El Director General rió huecamente, con su risa seca que se detuvo en el punto más alto
del regocijo.
—¿Me oye usted bien, mi amigo? Afirme con la cabeza. ¿No le duele?
Félix asintió mecánicamente, luego negó, luego admitió pasivamente que era algo peor
que un prisionero de estos dos, hombres: era una lombriz con la que jugaban
cruelmente, cortándola en pedacitos y picándola con una vara para ver si seguía
moviéndose.
—Sigue vivo y nos oye —dijo Ayub pasándose el pañuelo perfumado por la nariz—.
Aquí apesta todavía a cloroformo.
—¡Cuántas medidas drásticas e innecesarias! —suspiró el Director General—. Si sólo
nos hubiese permitido actuar, haciéndose ojo de hormiga.
—Le advertí que era muy contreras, muy altanero y celoso de su dignidad —olfateó con
desdén el pequeño Simón Ayub.
—¡Como si eso importase en estos casos! —levantó las manos, como un sacerdote
egipcio ultrajado por la presencia de un monoteísta, el Director General.
Dejó que la calidad de su ultraje trascendiera y adornó su discurso en francés:
—Passons. Bref, la pistola estaba en manos de usted, mi amigo, y lo único que nadie se
explica es que habiendo podido asesinar al señor Presidente de la República a tan corta
distancia, a quemarropa como se dice, su bala se haya desviado para ir a atravesarle un
hombro al señor doctor Bernstein, miembro del Colegio Nacional, profesor de la
UNAM y premio nacional de economía...
—Y agente a sueldo del Estado de Israel, lagrimeó en son de farsa el diminuto Ayub.
—¿No hay un cenicero? —dijo fríamente el Director General y aplastó la colilla
encendida contra la solapa de Simón Ayub.
—¡ Mi mejor Cardin! —exclamó con cólera Ayub.
—No sé por qué soporto a un asistente tan inútil y tan alzado —rió huecamente el
Director General.
—¡ Lo sabe muy bien! —chilló Ayub—, ¡ porque me tiene agarrado de las pelotas!
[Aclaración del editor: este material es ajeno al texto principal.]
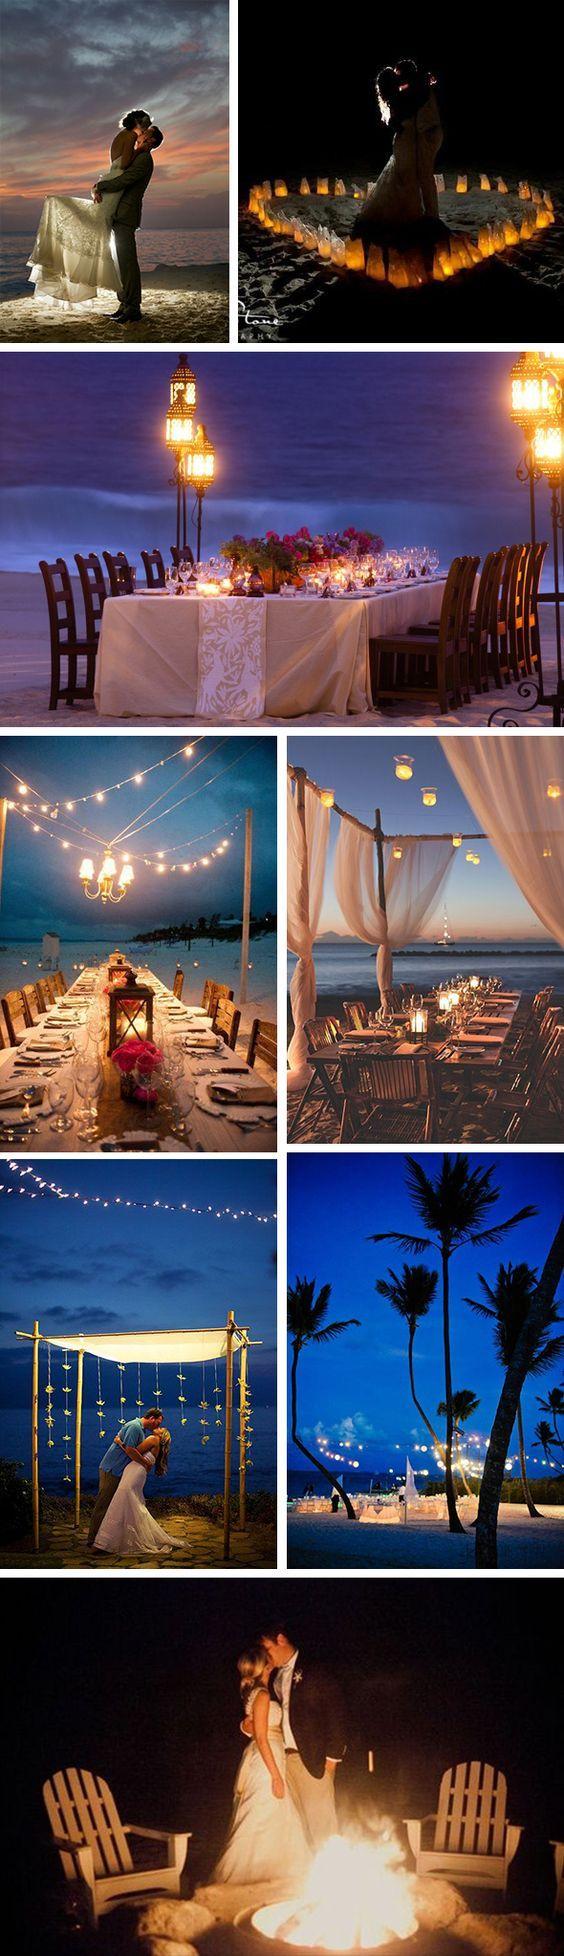 night beach weddings Beach Weddings at Night... destination wedding?

—Decididamente —continuó sin perturbarse el Director General—, ha de ser que tengo
un lugarcito débil en mi corazón para ti. Imbécil. La culpa es mía. ¿Cómo se me pudo
ocurrir que una cucaracha como tú iba a disuadir a nuestro amigo de asistir a la
ceremonia? Pero prefiero la disuasión a la violencia.
Félix pudo ver a Simón Ayub cuando se acercó peligrosamente al Director General,
amenazándolo con el puño delicado, las uñas manicuradas, los anillos de topacio y
cimitarra.
—Me estoy hartando —gritó histéricamente—, ayer este Romeo de barrio me llamó
enano del carajo y ahora usted me trata de imbécil, un día no voy a aguantar, D. G., un
día voy a estallar...
—Cálmate, Simón, siéntate quietecito. Sabes muy bien que no vas a hacer nada por el
estilo. Lo acabas de decir muy gráficamente.
—Un día...
—Un día vas a amanecer huerfanito, ¿ sí? —dijo con afabilidad el Director General y
volvió a mirar a Félix—: Al grano, señor licenciado. Tal y como se lo advertí durante
nuestra cordial entrevista, usted no es responsable del conato de magnicidio, pero su
nombre sí. Y su nombre, señor licenciado, ha dejado de existir.